Los libros de 2018

Puede parecer que esto está abandonado. Pero nada más lejos de la realidad.

Tengo varios problemas. Uno, otras actividades que me absorben concentración y energía. Dos, que he estado escribiendo para otro sitio, y no es que sea gran cosa, pero se lleva parte de las pilas que tenga para escribir. Tres, que muchos temas están ya tan dichos que me cuesta encontrar motivos para volver a poner el enésimo ejemplo de estupidez humana. Y cuatro, que algunas cosas sobre las que quiero escribir (en especial, feminismo) son una tarea bastante grande, y acumulo referencias e ideas pero no me decido a abordarlas. Creo que voy a tener que cambiar de enfoque y simplemente escribir lo más corto posible, sin fundamentar ni nada, porque si no, me meteré en escribir un libro, cosa que no pretendo.

Y hablando de libros, aquí está el balance de 2018. Que es aún peor que el de 2017.

Solo tengo anotados La balada del norte, los tomos I y II, de Alfonso Zapico. Sendos libros de cómics.

El año pasado hacía propósito de volver a los libros. He incumplido estrepitosamente; he vuelto a leer una enormidad, pero no en forma de libro. Aun así, no renuncio a hacerlo. A ver qué tal se me da 2019.

Y a ver si escribo más aquí, contra viento y marea.

 

5 comentarios to “Los libros de 2018”

  1. Emilio Molina Says:

    Pues aquí seguiremos leyéndote a ratos. ¡Feliz año!

  2. cuti Says:

    Pues yo este año terminado he leído mucho, mis viajes en metro desde casa al trabajo y del trabajo a casa me lo han permitido, es lo único bueno de añadir una hora y media a una extensa jornada laboral.

    He leído novela, he leído antropología, he leído blockchain, he leído ensayo… Me quedo con varios libros: SAPIENS un libro que no es que me haya descubierto nada, al menos nada que considere una revelación, pero que si estructura y explica muy bien la historia de la humanidad como una necesaria evolución de soluciones a viejos y nuevos problemas. Una gozada de leer.

    Un segundo libro, la España vacía, la historia de un drama, el declive rural en toda España. Un poco pesada alguna parte, pero revelador en muchos aspectos.

    Y una novela, divertida, la Uruguaya.
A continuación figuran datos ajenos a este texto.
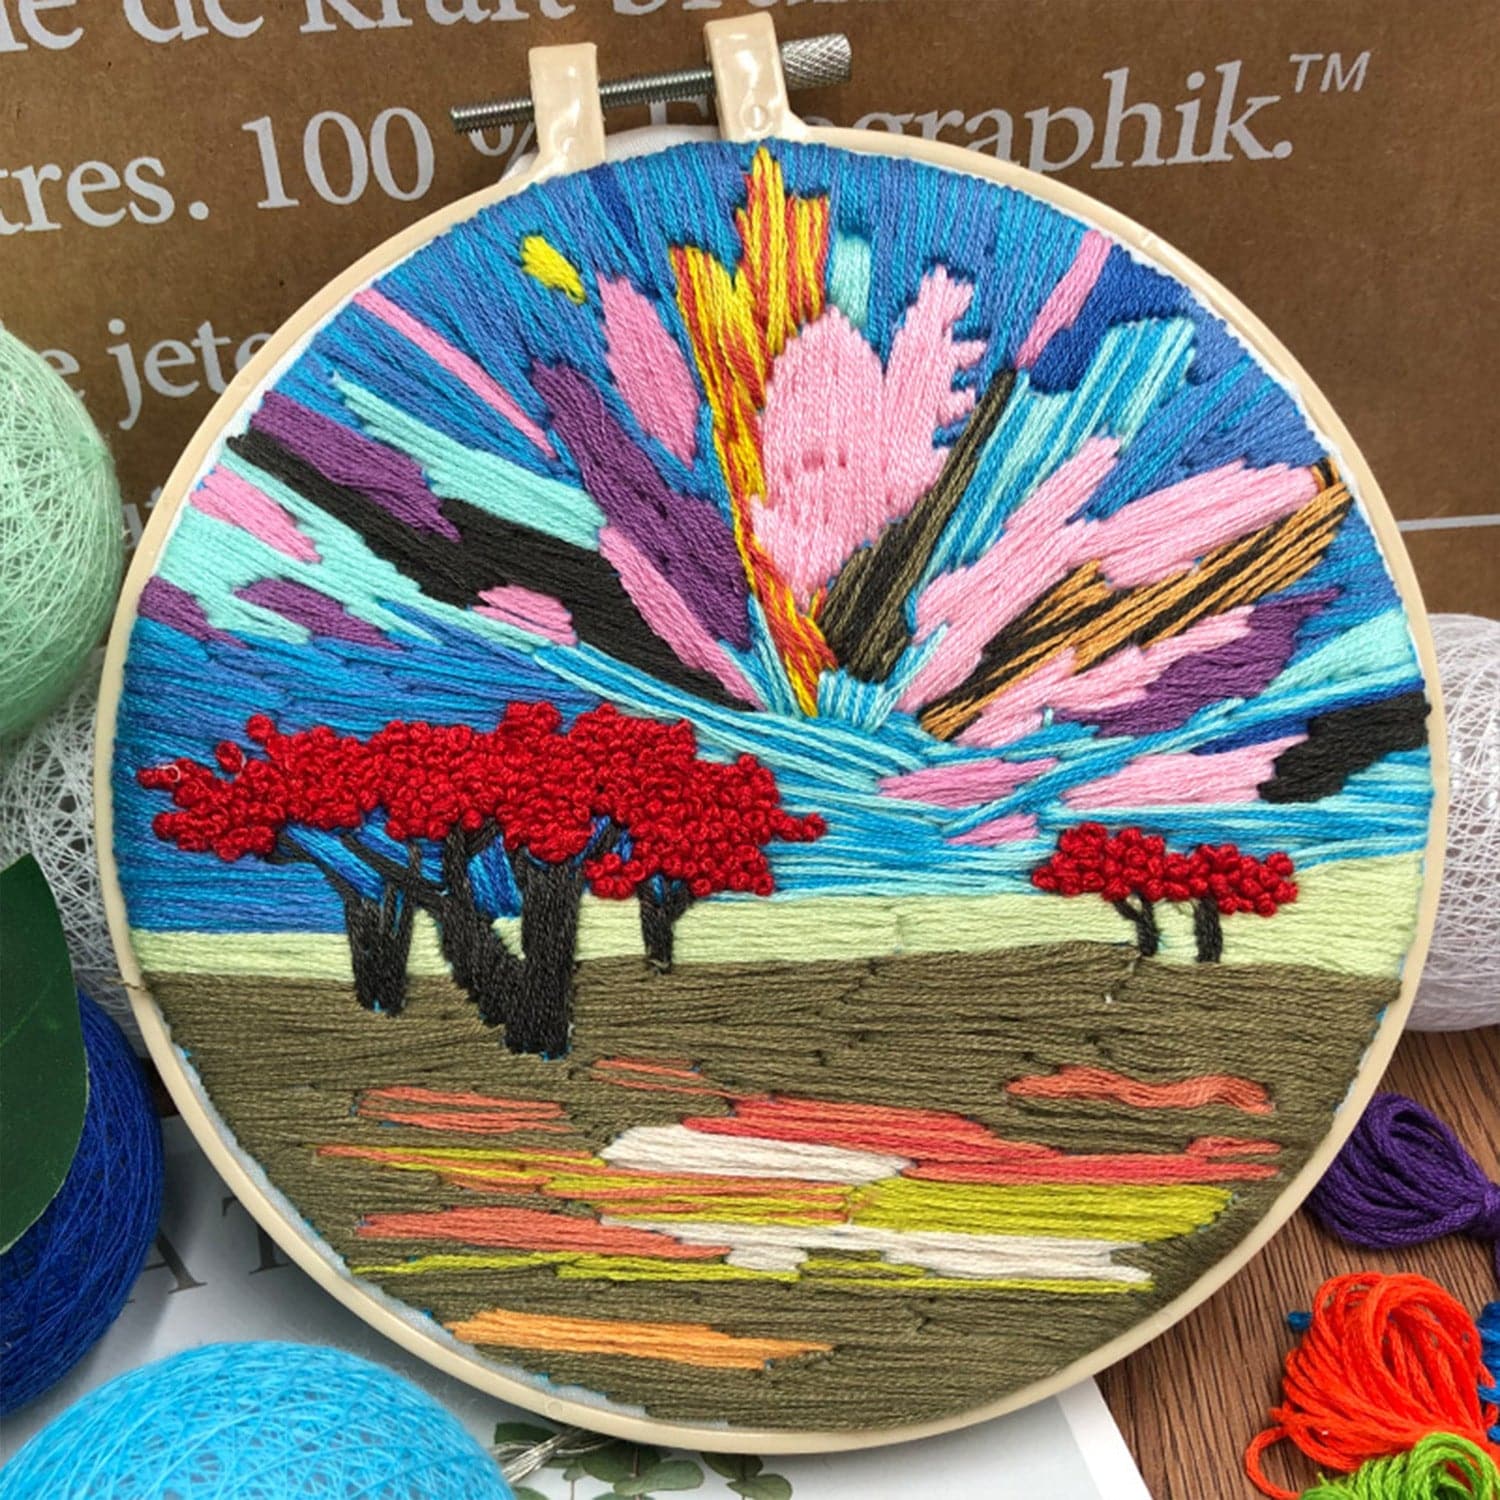 Landscape - Embroidery ktclubs.com

    Para 2019 te deseo que puedas escribir más, Guti, escribir más y leer libros en papel, que es como más se disfrutan (al menos yo).

  3. guticr Says:

    ¡Gracias por vuestros comentarios, y feliz año a todos! Cuti, el papel es la única forma verdadera de leer libros… Se nos olvida que es una tecnología depurada durante siglos, y la gente que la desarrolló no era tonta 🙂 Ahora estoy con la biografía de Miles Davis, al menos ese libro espero terminarlo en 2019 😉

  4. Potocloch Says:

    ¿A qué os referís con que la forma buena de leer es leyendo libros en papel? ¿A leer libros en vez de otros formatos como blogs o prensa? ¿O literalmente a que es mejor (al menos para vosotros) leer un libro en papel que leer el mismo libro en un ebook?

    Yo los libros los leo en papel, pero más que nada porque no tengo ebook, así que me intriga esa opinión vuestra.

  5. guticr Says:

    Bueno, fue una forma un poco coloquial de decirlo, pero tenía en mente varias cosas. Una, los libros (sean papel o ebook) frente al resto: quería decir que los blogs, los artículos, la prensa… están muy bien, pero es algo mucho más caótico, más fragmentario, más efímero, y si uno solo lee eso, se pierde toda una forma de comunicarse que son los libros, y los libros se escriben con otra intención, otra estructura y otro trabajo previo. Un disco recopilatorio está bien, un disco «conceptual» también, un concierto también, las canciones sueltas en una lista también… pero no es todo intercambiable. Está bien usarlo todo en su medida.

    Dos, el papel frente al e-book. Este comentario mío era más frívolo, pero en el fondo creo que hoy por hoy el e-book por lo general (y con todas las reservas y casos particulares, por supuesto) es un intento de emular a un libro de papel, que a veces (no muchas) consigue razonablemente. El papel pesa más, ocupa mucho más y en algunos casos es incómodo mantenerlo abierto y pasar hojas (en el metro, en la cama); en los demás sentidos, creo que funciona mejor para leer (claridad, tipografía, acabado, y la belleza e identidad del objeto si es que importa). Eso sí, no es cuestión de vida o muerte (he leído mucho en e-book y los libros también se disfrutan así). Creo que el e-book es un sucedáneo razonable.